It is high time the corporate sector began thinking about the community, putting country before self and company and taking a lead role instead of issuing statements and seeking meetings with political leaders that don't change things.
We had the business peace group and the J-Biz group, but where have these two praiseworthy initiatives taken us? I need not answer that. Are we any closer to a solution than when we started this process? Or are we comfortable - as we always profess to be - in the thought that discussions and statements calling for peace or national governments would add to the pressure? It never does in the present-day environment.
Politicians from all sides just don't listen to reason. When it is convenient, they demand a national government. If I recall right, it was the UNP that urged the formation of a national government last year and now when the PA is on the defensive it is pushing this idea. To stay in power. Obviously. Look at the umpteen appeals by the Mahanayakes, the Catholic Bishops and other religious dignitaries on the need for peace and a national government. Has any political leader taken it seriously?
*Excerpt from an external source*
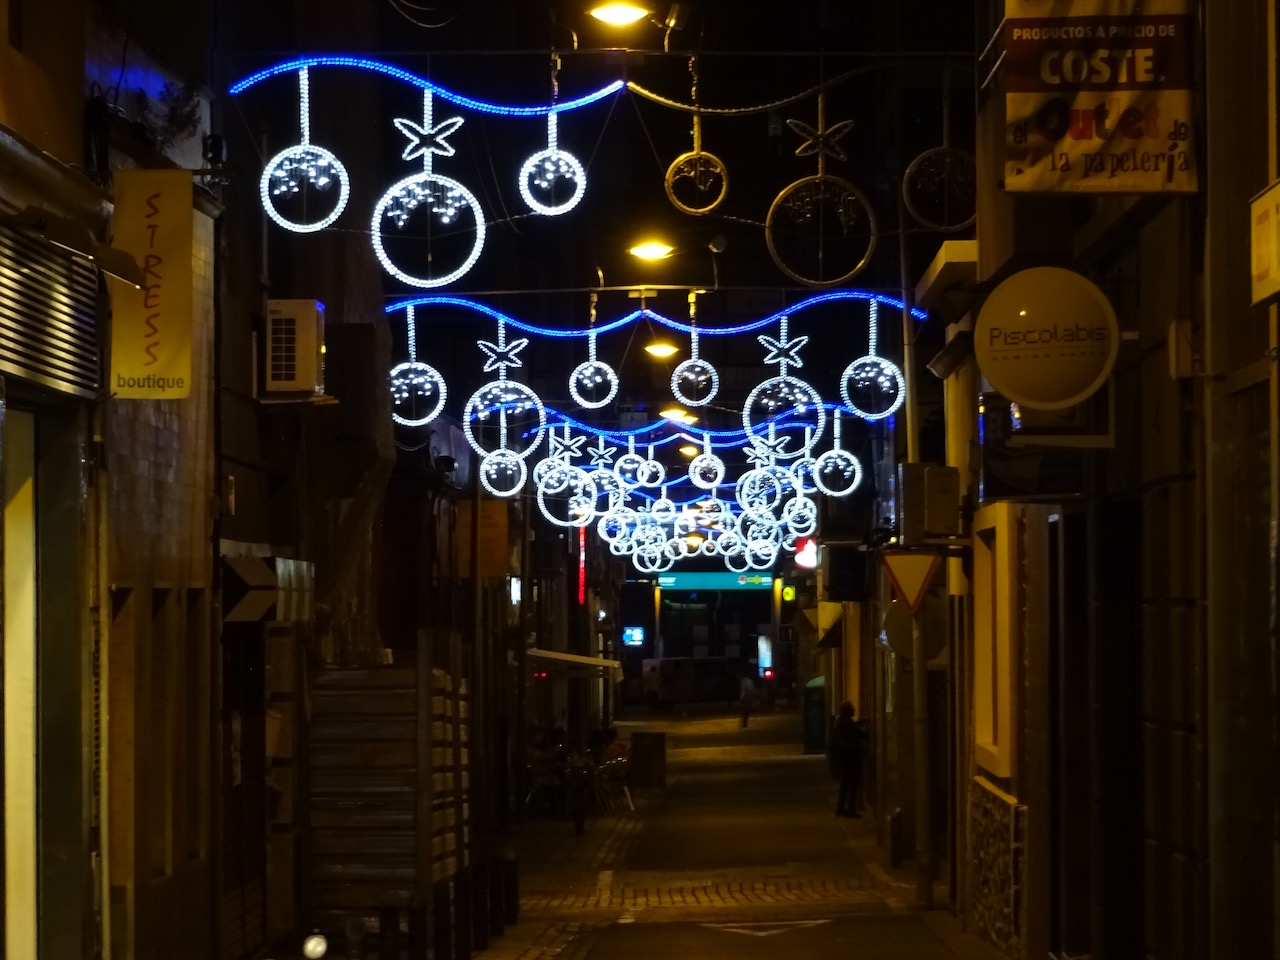 Weihnachtsbeleuchtung 5
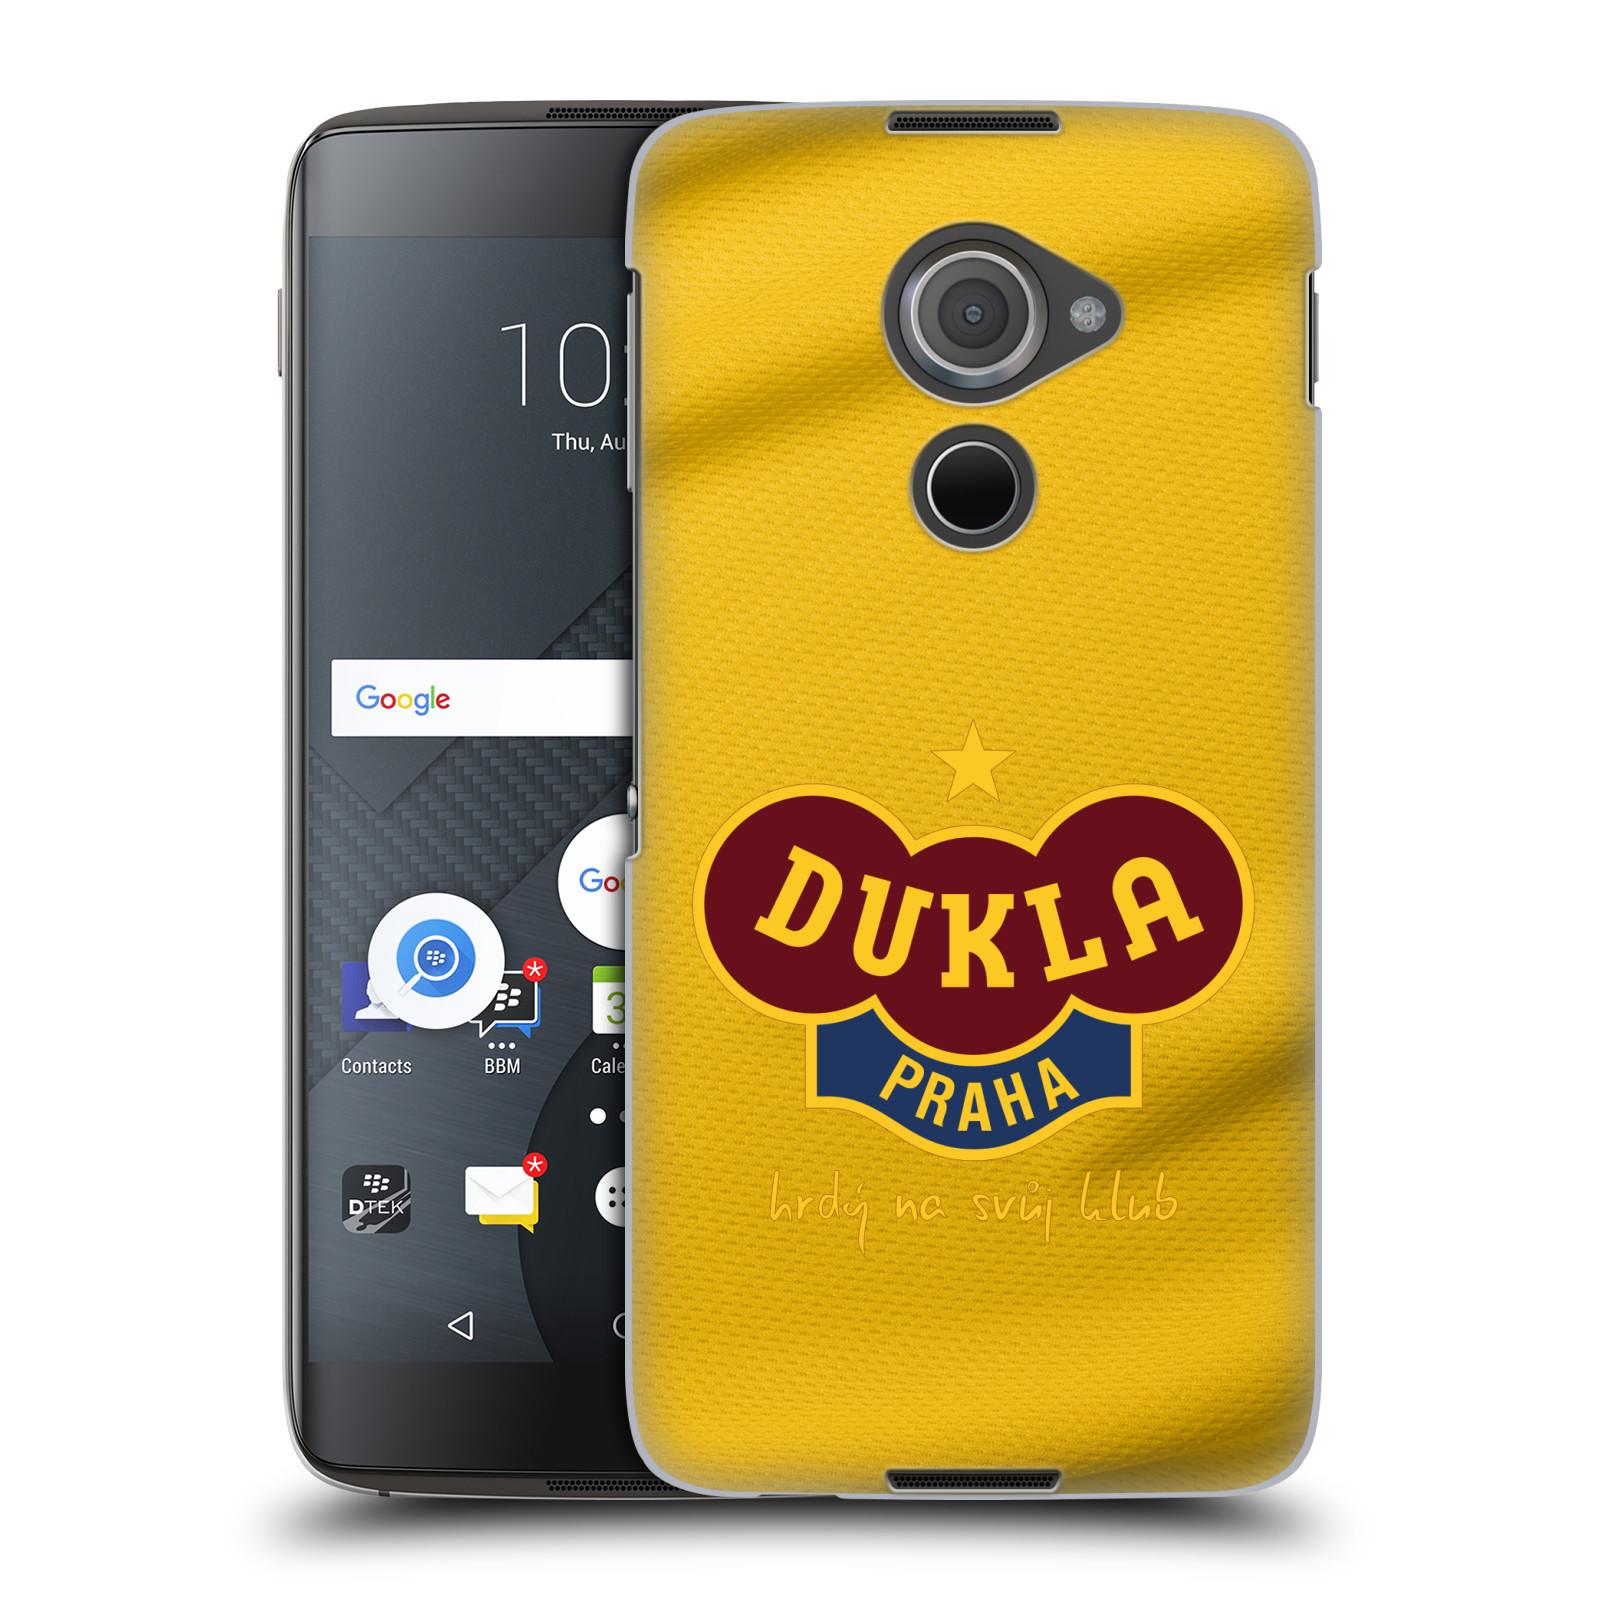 Plastové pouzdro na mobil Blackberry DTEK60 (Argon) - FK Dukla Praha - Žlutý dres

In recent weeks, ministers and opposition politicians have been visiting the Mahanayakes, paying obeisance and agreeing totally with the view of the high priests. But has that been translated into action?
Issuing statements and seeking meetings with the president and the opposition leader fail to produce results. Didn't the joint chambers' forum meet the president soon after last year's elections with a long shopping list of do's and don'ts? What has happened, since then?
Instead of labouring the point, as one businessman suggested, the corporate sector should join civil society in resorting to all forms of democratic protest in forcing the government and the opposition to do something about the war, cost of living, widespread corruption and blatant abuse of law by politicians and their supporters.
The business community would be outraged by these suggestions - protest on the streets, carry placards? But are you waiting for the violence to come to your doorstep just like what happened in 1988 and then be galvanised into action?
The business community needs to seriously look at these issues - be outspoken, be united, rise above politics and look at issues on a national perspective (chambers - please don't be jealous about what your rivals are doing), be prepared to shed coat and tie, come out of air-conditioned rooms and be truly a part of civil society, and join or launch protests with other sections of civil society in demanding change. Stop issuing statements (that's not going to change things).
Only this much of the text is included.